Part of the letter, attached in English and Spanish, reads “When DACA was created, it allowed Dreamers to access educational and professional opportunities that would otherwise be unattainable. While DACA is in no way a permanent solution for Dreamers and millions of other immigrants harmed by our broken immigration system, we ask your administration to continue to accept and adjudicate initial applications and renewals for the program unless and until Congress passes comprehensive immigration reform.”

The nine members of the Latino Democratic caucus are Senate Democratic Leader Lucia Guzman, Assistant Minority Leader Leroy Garcia, Sen. Irene Aguilar, Sen. Dominick Moreno, Speaker of the House Crisanta Duran, Rep. Adrienne Benavidez, Rep. Joe Salazar, Rep. Dan Pabon and Rep. Donald Valdez.

Text of the letter:

 

January 19, 2017

 

Dear President-Elect Trump:

On behalf of all Dreamers and all Coloradans whom we serve as the Democratic Latina and Latino members of the Colorado General Assembly, we urge you to continue the Deferred Action for Childhood Arrivals (DACA) program, so that recipients can continue to pursue the American dream. When DACA was created, it allowed Dreamers to access educational and professional opportunities that would otherwise be unattainable. While DACA is in no way a permanent solution for Dreamers and millions of other immigrants harmed by our broken immigration system, we ask your administration to continue to accept and adjudicate initial applications and renewals for the program unless and until Congress passes comprehensive immigration reform.

As of June 2016, U.S. Citizenship and Immigration Services (USCIS) has granted DACA to nearly 742,000 individuals, including approximately 20,000 Coloradans—our friends, neighbors, co-workers and family members. These recipients are valued members of our community—not a threat to it. In fact, they all came forward, provided personal information and corroborating evidence, paid the necessary fees, and were thoroughly vetted by the Department of Homeland Security to ensure that they did not present a threat to public safety or national security.

Eliminating the program would have a ripple effect across several other sectors, as DACA recipients would lose their drivers’ licenses, health insurance, and the ability to repay car loans and home mortgages.
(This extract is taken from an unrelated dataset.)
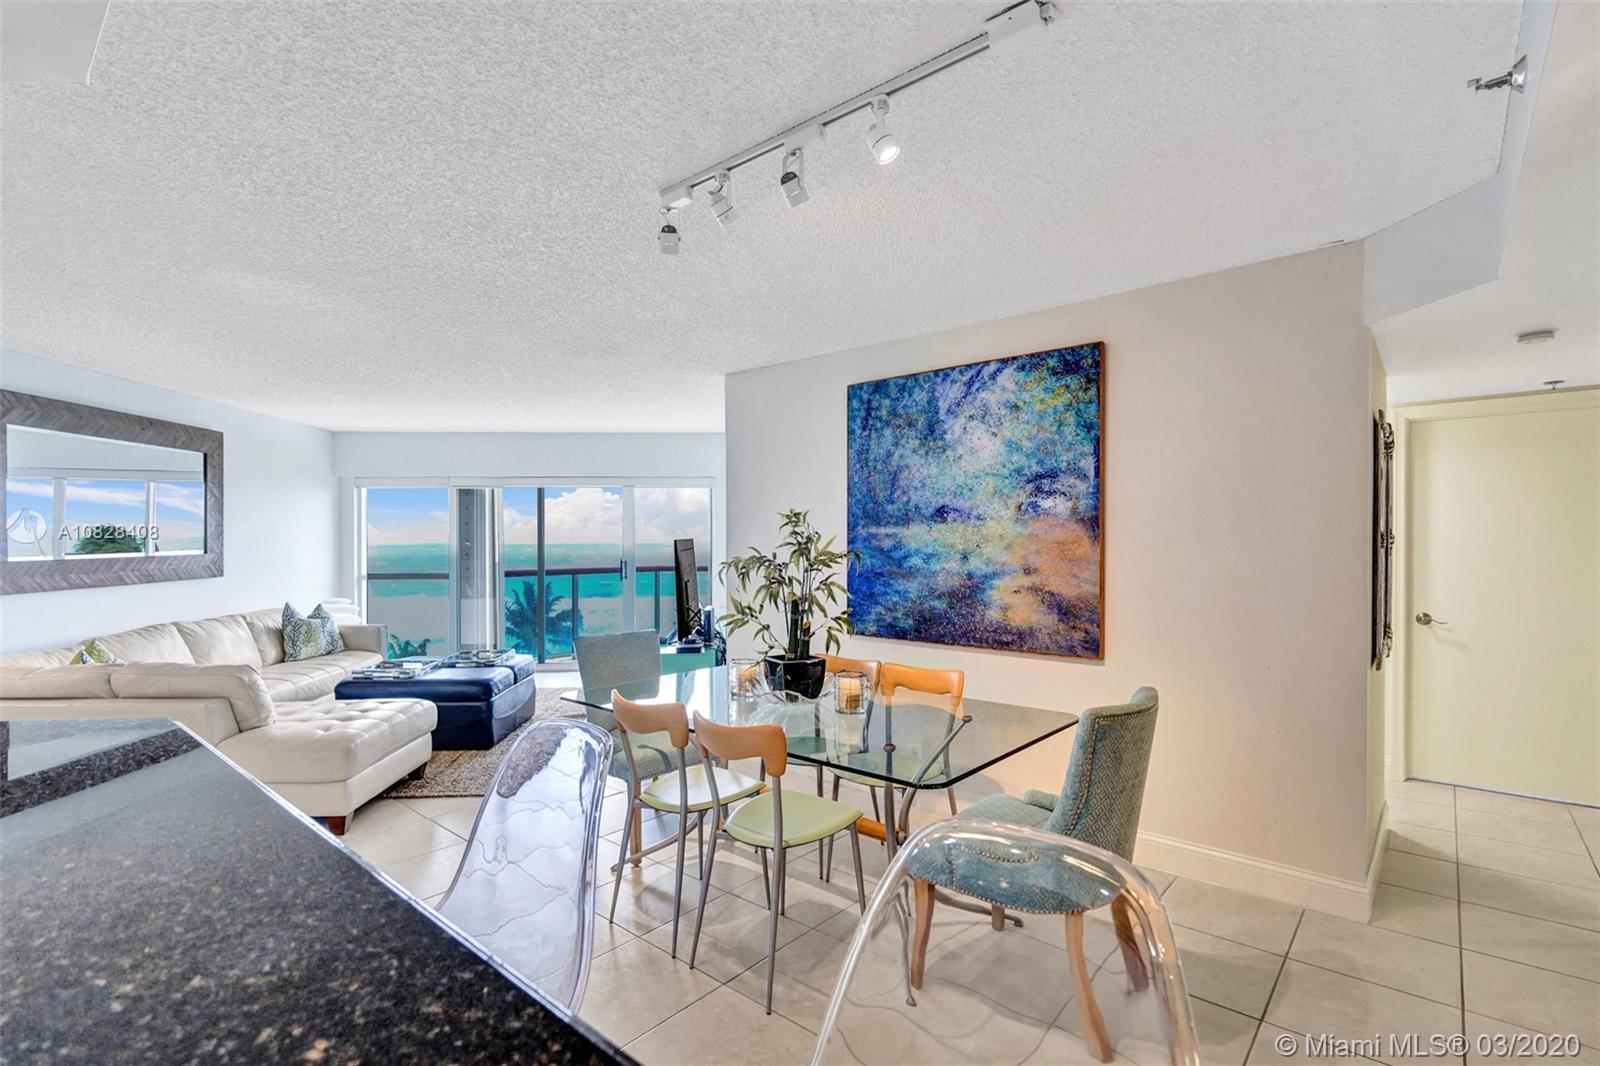 6767 Collins Ave #510, Miami Beach, FL 33141 - Miami Beach, FL real estate listing

Eliminating DACA would increase healthcare costs, place pressure on the social safety net, and create massive disruptions to businesses. In 2010, there were 27,645 new immigrant business owners in Colorado, and new immigrant business owners had a total net business income of $1.2 billion.

Without federal authorization to work, employers will have no choice but to terminate their employees who gained work permits through the DACA program. We are confident you are aware as a businessman that turnover costs are a tremendous burden on employers. Studies show that these costs can range from tens of thousands of dollars to twice the employee’s annual salary, depending on the size of an employer. According to a recently published study by economists from Queens College of the City University of New York, “The Economic Impacts of Removing Unauthorized Immigrant Workers,” ending DACA would wipe away at least $433.4 billion from the U.S. gross domestic product.

We would like to emphasize that DACA recipients are supported by a wide range of constituencies. The agricultural community in particular is reliant on the contributions of DACA recipients, many of whom have grown up and work in rural areas. Dreamers are an integral part of our American society, and they have received support and admiration from government officials, universities, educators, employers, companies, and many others support the expansion of DACA.

What’s more, according to a 2012 Pew Research Center survey, nearly two-thirds of U.S. adults (63%) support DACA. An even greater share of Hispanics (89%) said the same, as reported by the Pew Research Center’s 2012 National Survey of Latinos.

Therefore, we ask that you please follow the will of the American people and our successful businessmen and businesswomen. If we are to strengthen the U.S. economy, DACA needs to be upheld, continued, and expanded.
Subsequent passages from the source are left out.